In this way, the string can be parsed , To get the number corresponding to the path , name , Notes, etc . about KEGG Data analysis ,biopython Special parsing functions are also provided , But the analytic function is not complete , At present, it only covers compound, map, enzyme And so on . With enzyme Database, for example , Usage is as follows

>>> from Bio.KEGG import REST

>>> request = REST.kegg_get("ec:5.4.2.2")

>>> open("ec_5.4.2.2.txt", "w").write(request.read())

>>> records = Enzyme.parse(open("ec_5.4.2.2.txt"))

>>> record = list(records)[0]

>>> record


<
Bio.KEGG.Enzyme.Record
object
at
0x02EE7D18
>

>>> record.classname

['Isomerases;', 'Intramolecular transferases;', 'Phosphotransferases (phosphomutases)']

>>> record.entry

'5.4.2.2'


1.
2.
3.
4.
5.
6.
7.
8.
9.
10.
11.

adopt biopython, We can not only in python Use in the environment kegg api, what's more , Can use python Logical processing of , To implement complex filtering logic , Search for example human in DNA Repair related genes , The basic idea is as follows

1. adopt list API obtain human be-all pathway Number ;

2. adopt get API Get each pathway, Analyze its description Information , Filter appears repair Keyword access ;

3. For screened pathways , The genes corresponding to this pathway were obtained by text analysis ;

The complete code is as follows

>>> from Bio.KEGG import REST

>>> human_pathways = REST.kegg_list("pathway", "hsa").read()

>>> repair_pathways = []

>>> for line in human_pathways.rstrip().split("\n"):

... entry, description = line.split("\t")

... if "repair" in description:

... repair_pathways.append(entry)

...

>>> repair_pathways

['path:hsa03410', 'path:hsa03420', 'path:hsa03430']

>>> repair_genes = []

>>> for pathway in repair_pathways:

... pathway_file = REST.kegg_get(pathway).read()

... current_section = None

... for line in pathway_file.rstrip().split("\n"):

... section = line[:12].strip()

... if not section == "":

... current_section = section

... if current_section == "GENE":

... gene_identifiers, gene_description = line[12:].split("; ")

... gene_id, gene_symbol = gene_identifiers.split()

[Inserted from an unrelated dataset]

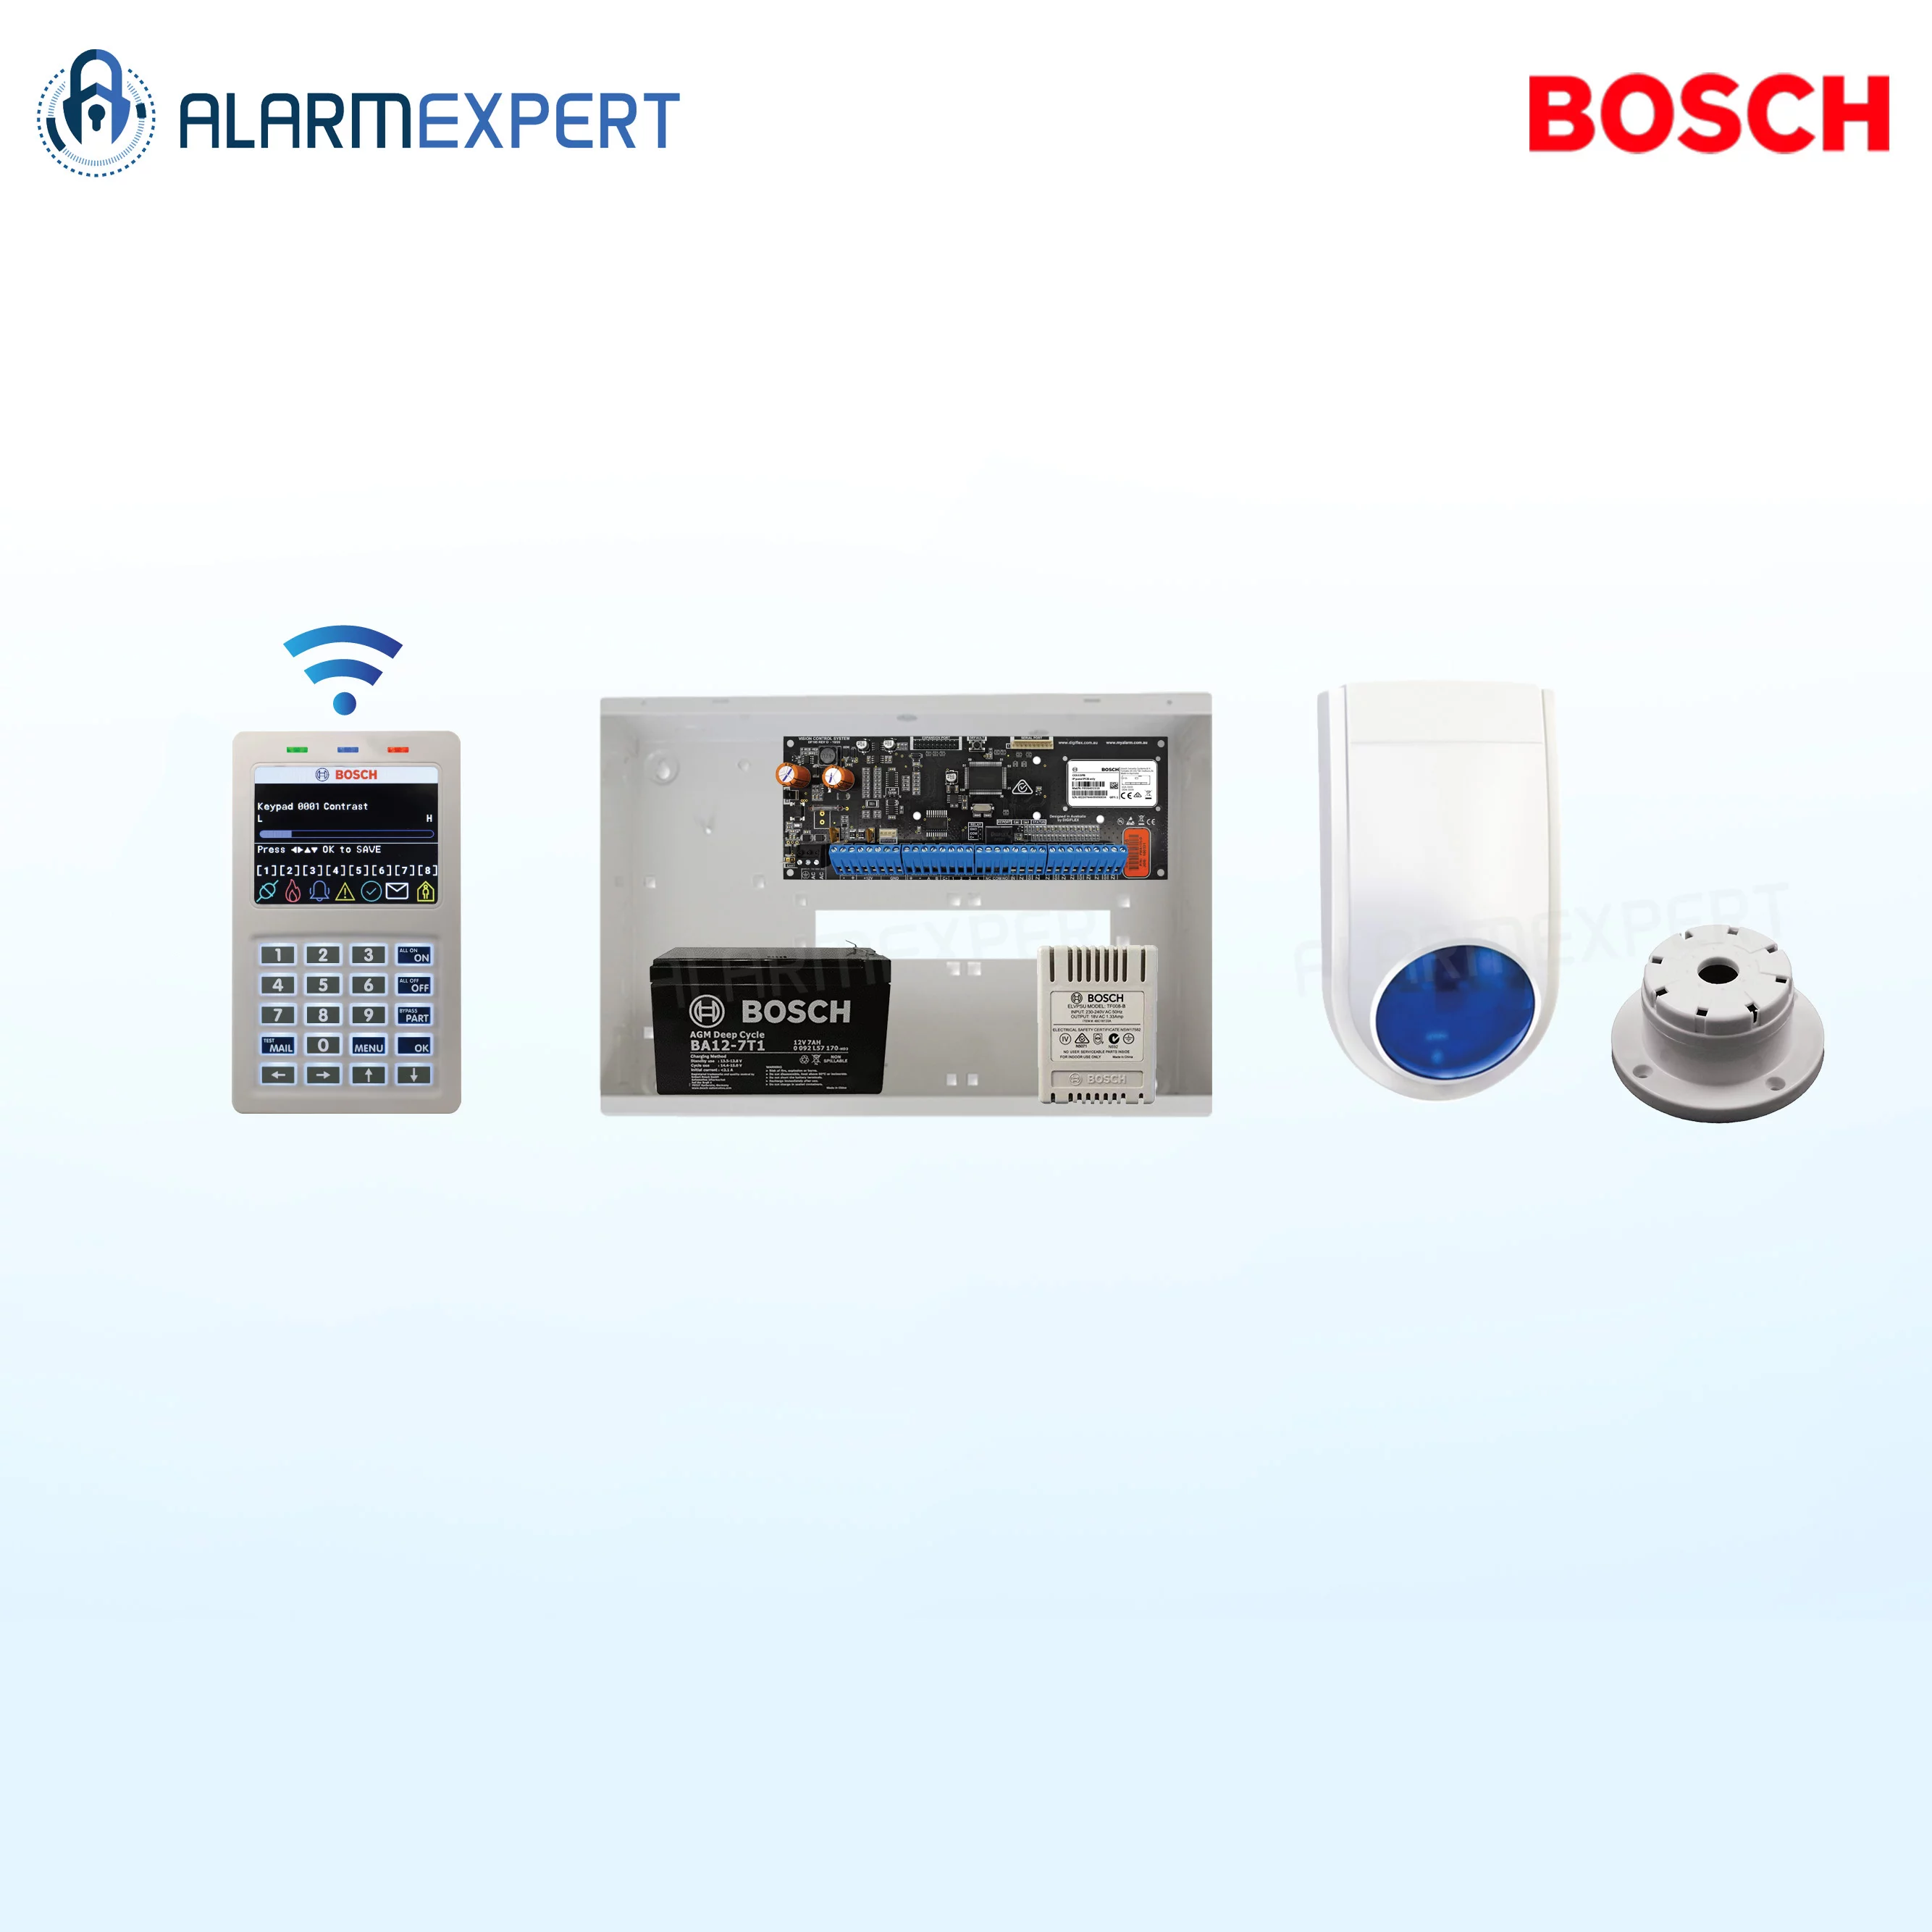 Bosch Solution 6000-WiFi Alarm with NO DETECTOR KIT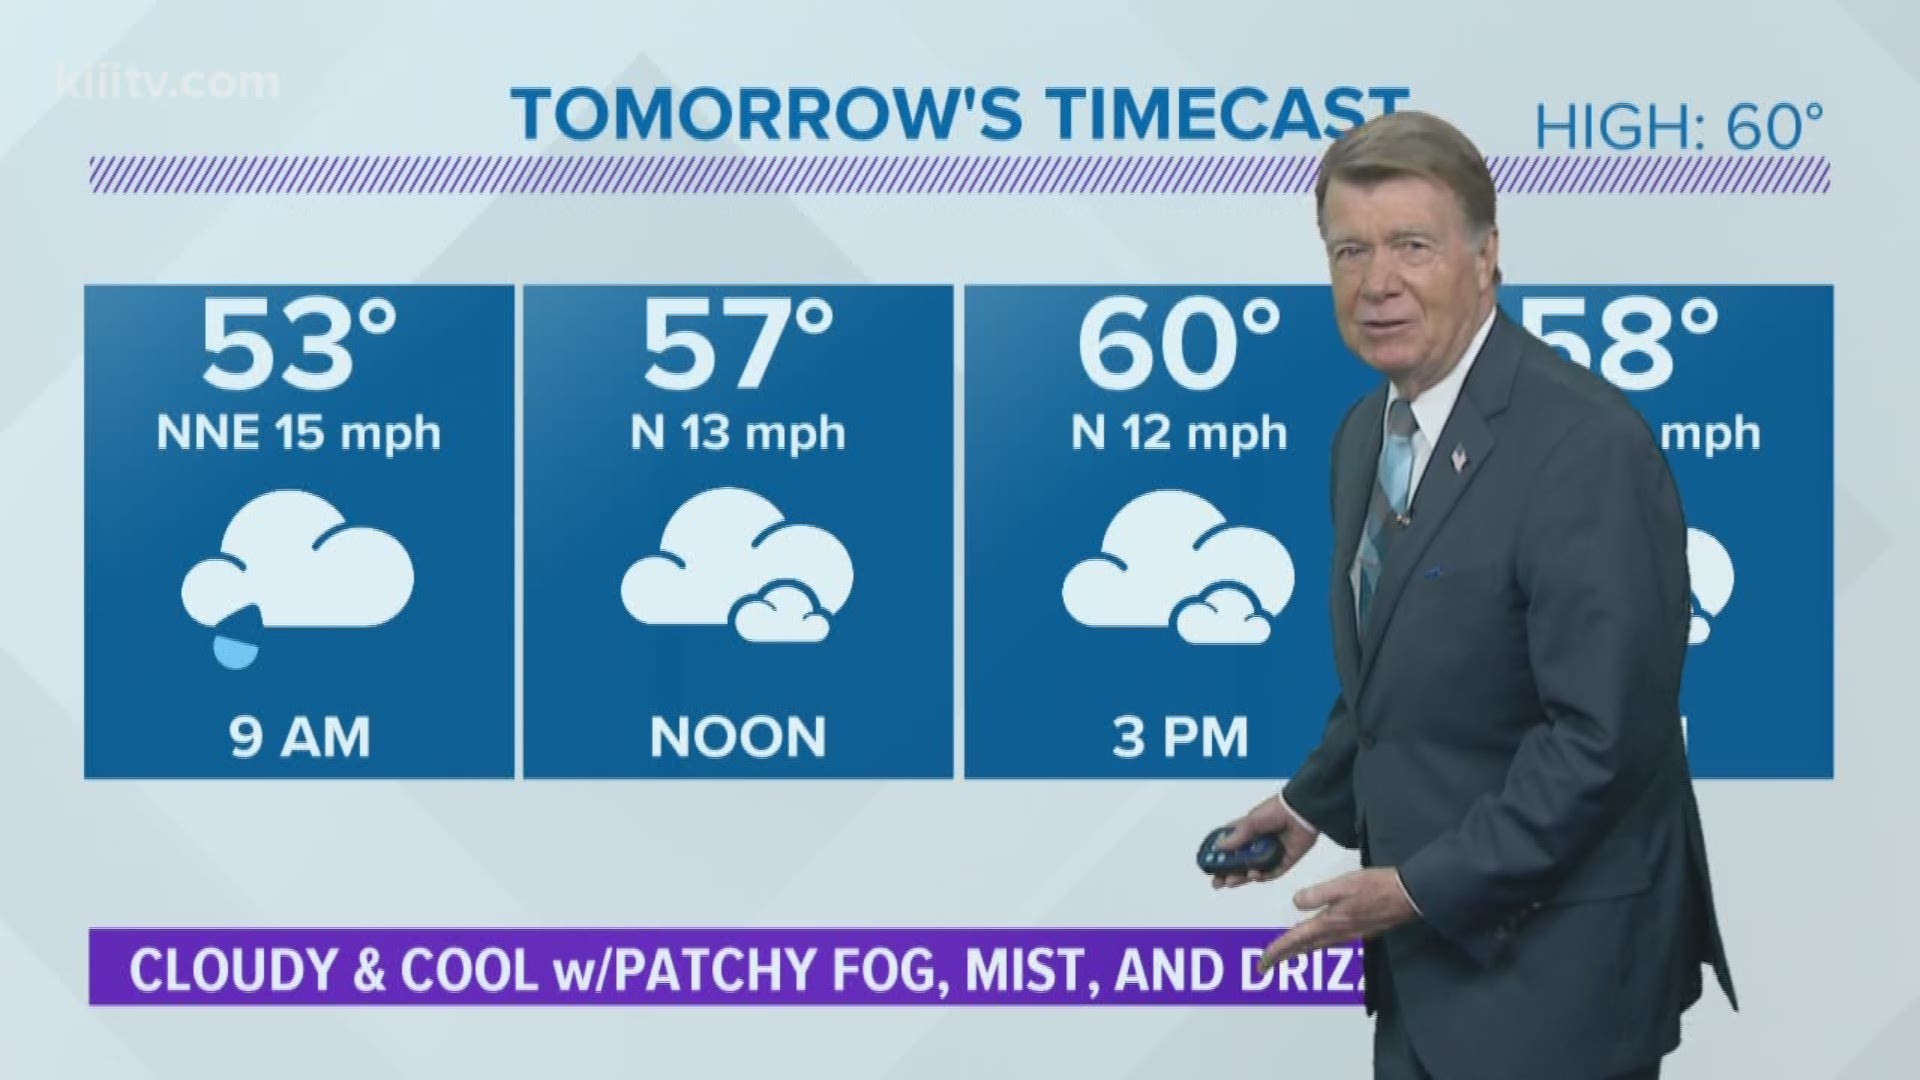 Cloudy and cool with patchy fog, mist, drizzle, light rain

... if not gene_symbol in repair_genes:

... repair_genes.append(gene_symbol)

...

>>> repair_genes

['OGG1', 'NTHL1', 'NEIL1', 'NEIL2', 'NEIL3', 'UNG', 'SMUG1', 'MUTYH', 'MPG', 'MBD4', 'TDG', 'APEX1', 'APEX2', 'POLB', 'POLL', 'HMGB1', 'XRCC1', 'PCNA', 'POLD1', 'POLD2', 'POLD3', 'POLD4', 'POLE', 'POLE2', 'POLE3', 'POLE4', 'LIG1', 'LIG3', 'PARP1', 'PARP2', 'PARP3', 'PARP4', 'FEN1', 'RBX1', 'CUL4B', 'CUL4A', 'DDB1', 'DDB2', 'XPC', 'RAD23B', 'RAD23A', 'CETN2', 'ERCC8', 'ERCC6', 'CDK7', 'MNAT1', 'CCNH', 'ERCC3', 'ERCC2', 'GTF2H5', 'GTF2H1', 'GTF2H2', 'GTF2H2C_2', 'GTF2H2C', 'GTF2H3', 'GTF2H4', 'ERCC5', 'BIVM-ERCC5', 'XPA', 'RPA1', 'RPA2', 'RPA3', 'RPA4', 'ERCC4', 'ERCC1', 'RFC1', 'RFC4', 'RFC2', 'RFC5', 'RFC3', 'SSBP1', 'PMS2', 'MLH1', 'MSH6', 'MSH2', 'MSH3', 'MLH3', 'EXO1']


1.
2.
3.
4.
5.
6.
7.
8.
9.
10.
11.
12.
13.
14.
15.
16.
17.
18.
19.
20.
21.
22.
23.
24.
25.
26.

adopt biopython, It can be used more efficiently KEGG API, combination API Data acquisition capability and python Logical processing capability , To meet our personalized analysis needs .‍

·end·

— If you like , Share it with your friends —

Pay attention to our , Unlock more ！